• _Requirement_:
Copy nothing but the lines running from the one containing "Кожаные мокасины Calvin" through the end of the listing below. Drop the pictures.

• _Input data_:
- Opening Delimiter -

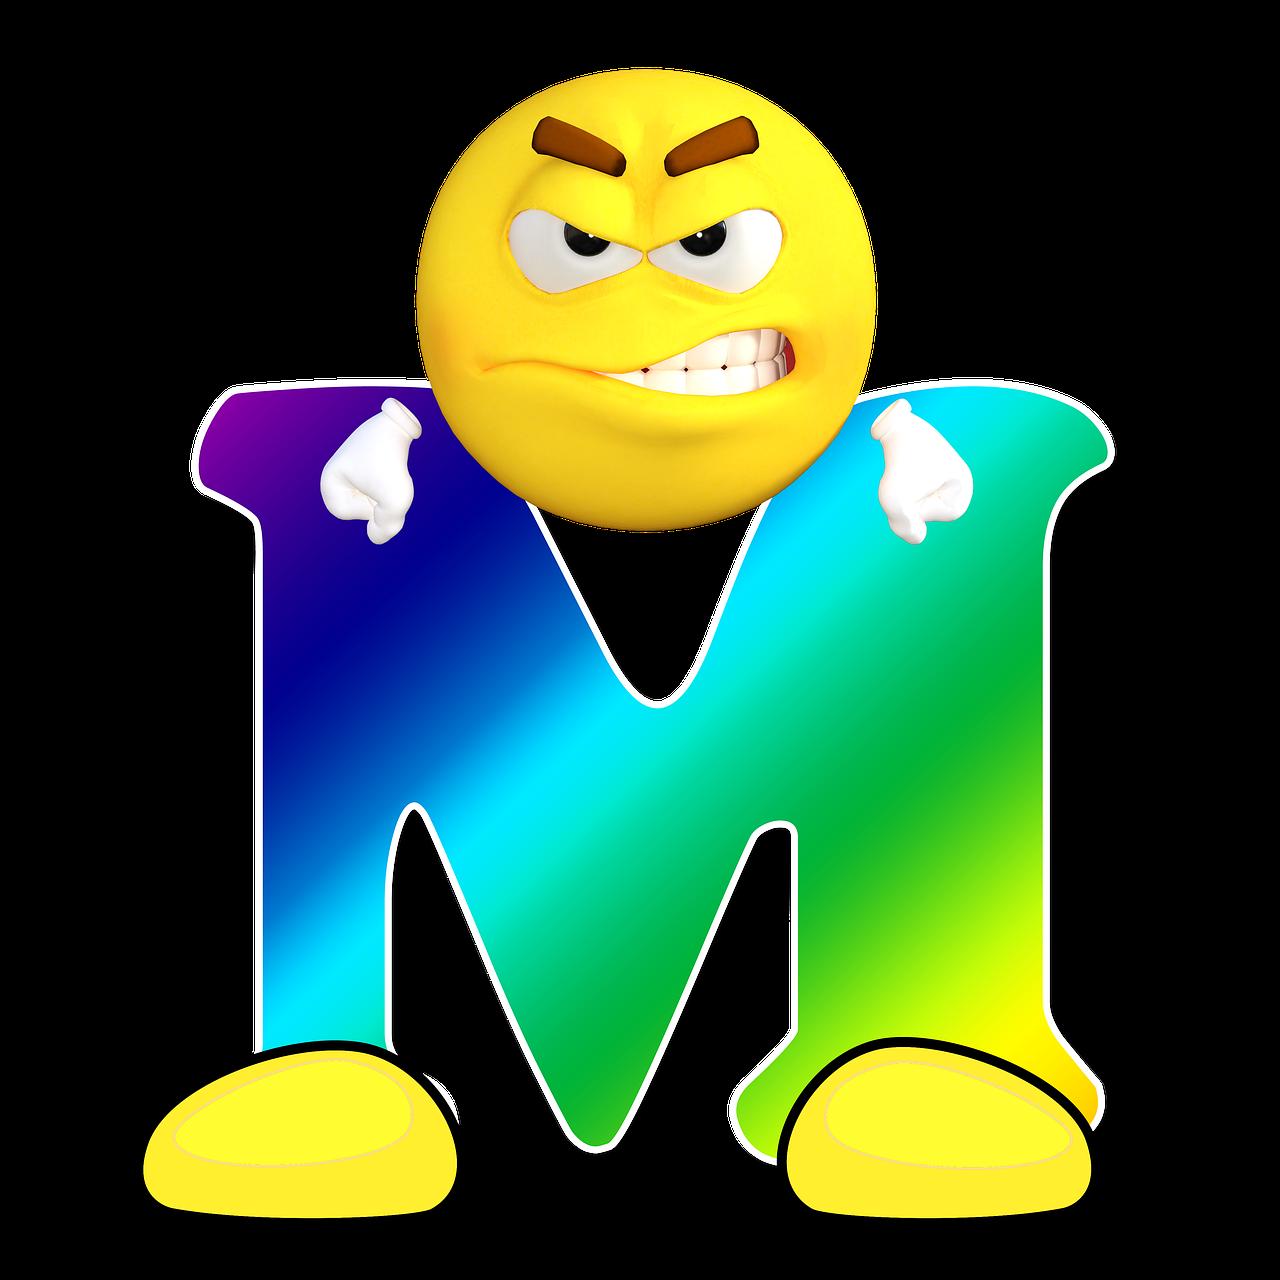 Abc,alphabet,smiley,letters,read - free photo from needpix com
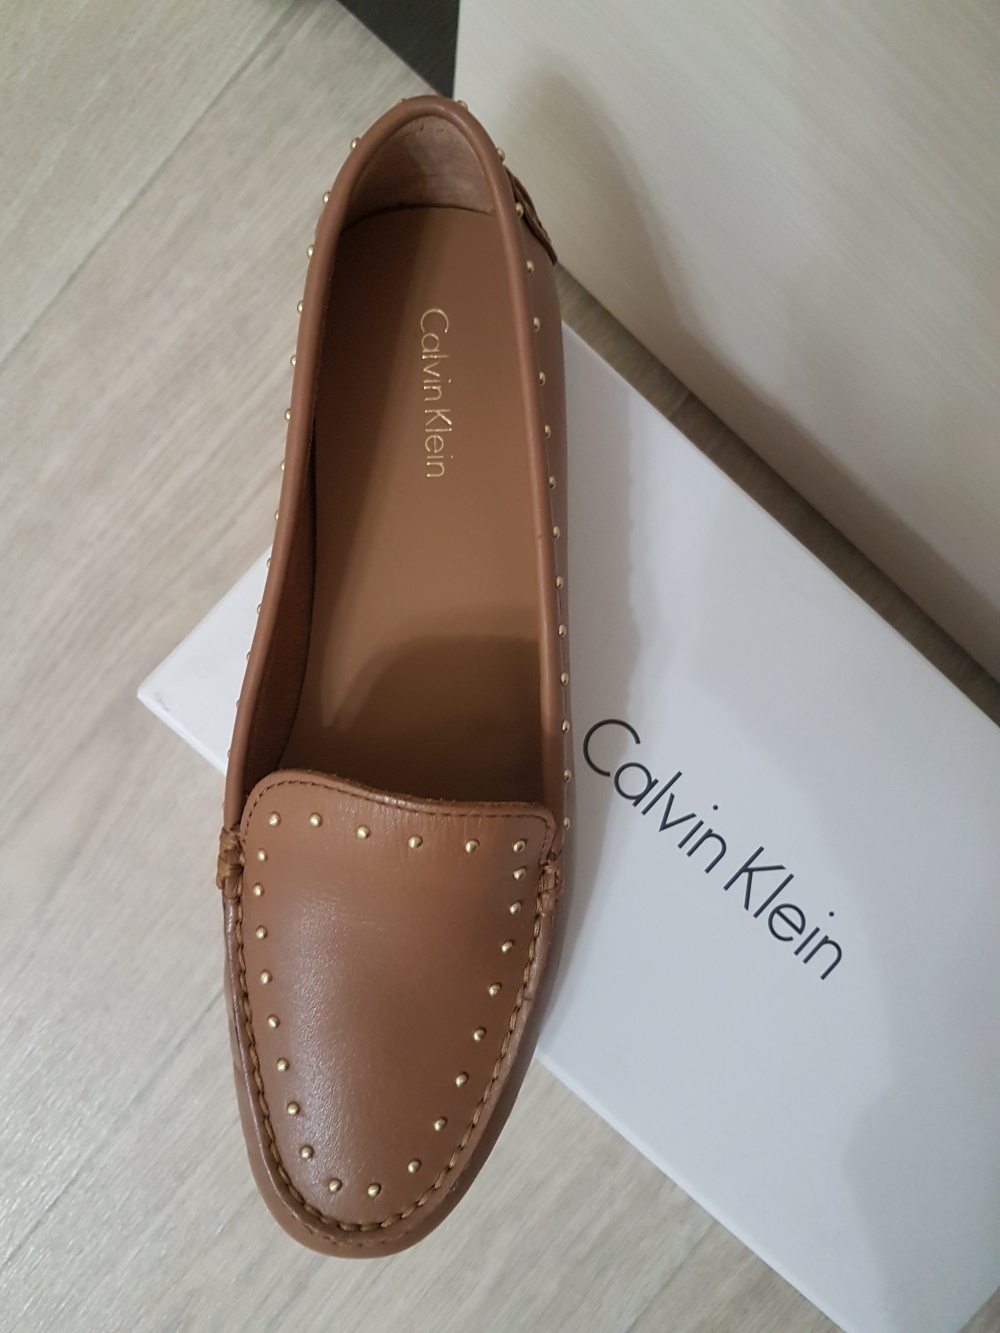 Кожаные мокасины Calvin Klein, размер 39 (8.5 US)
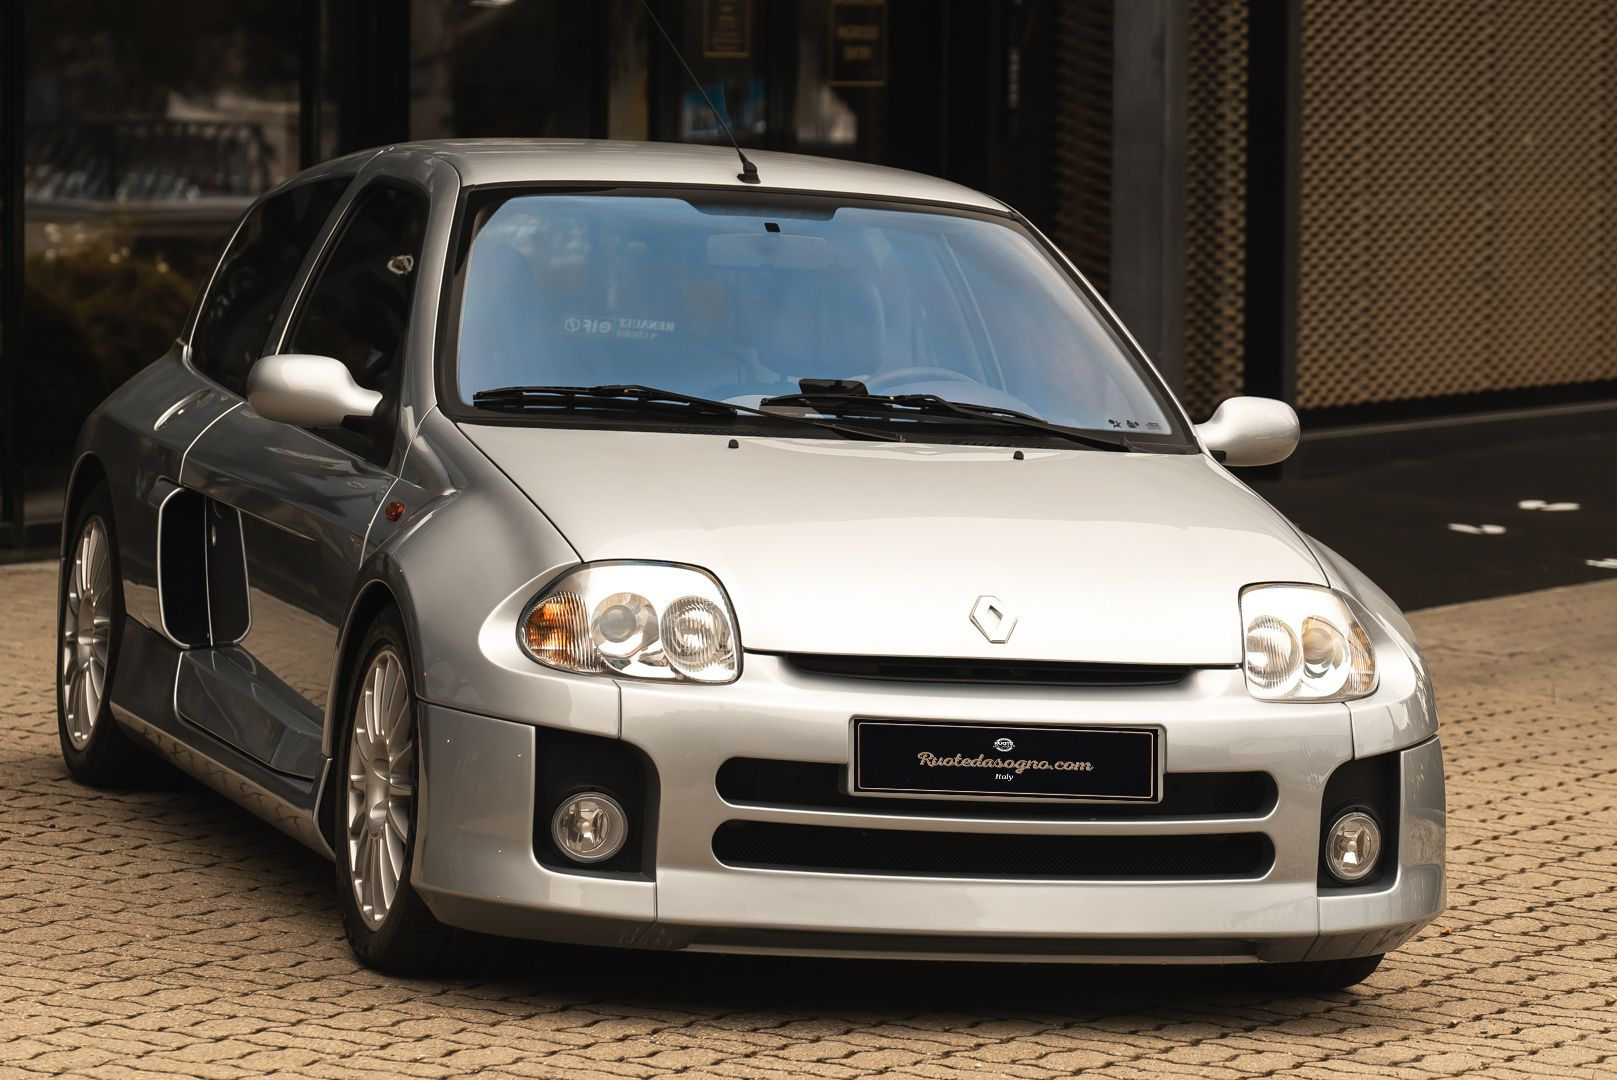 2002 Renault Clio 3.0 V6 Renault Sport Phase1 84915
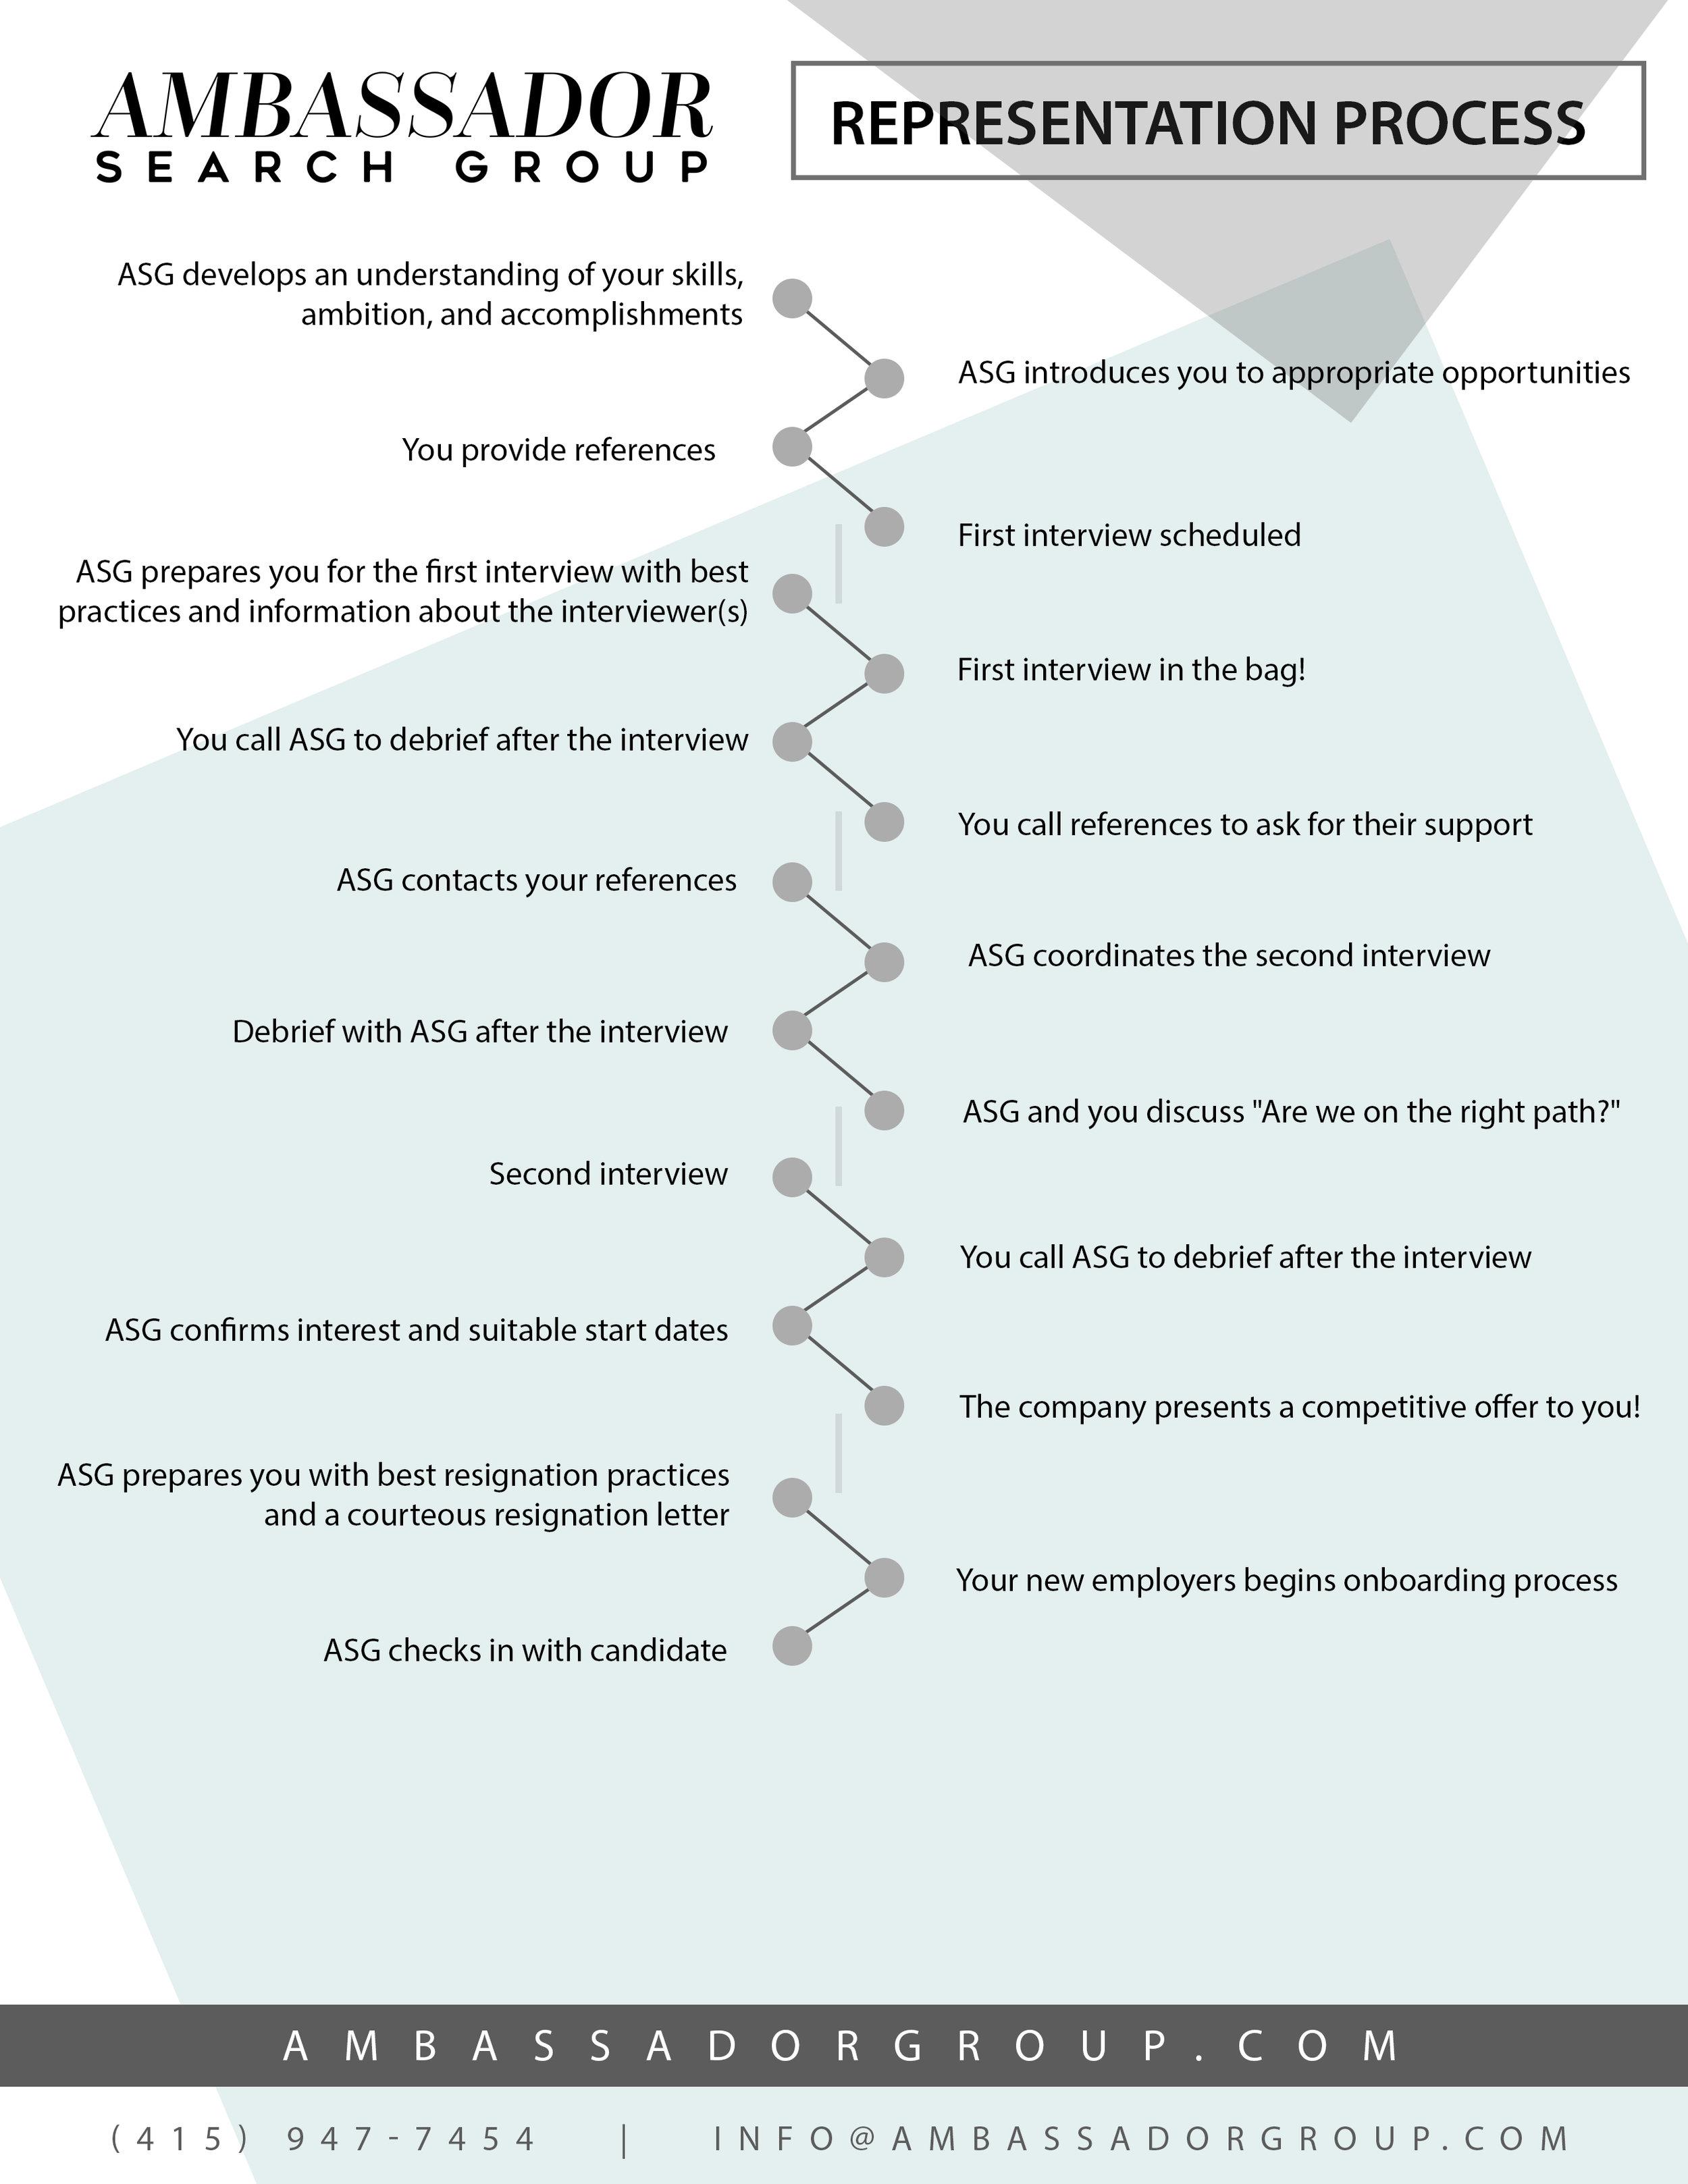 Representation Process.jpg

- Closing Delimiter -

• _Exercise output_:
 Кожаные мокасины Calvin Klein, размер 39 (8.5 US)
 2002 Renault Clio 3.0 V6 Renault Sport Phase1 84915
 Representation Process.jpg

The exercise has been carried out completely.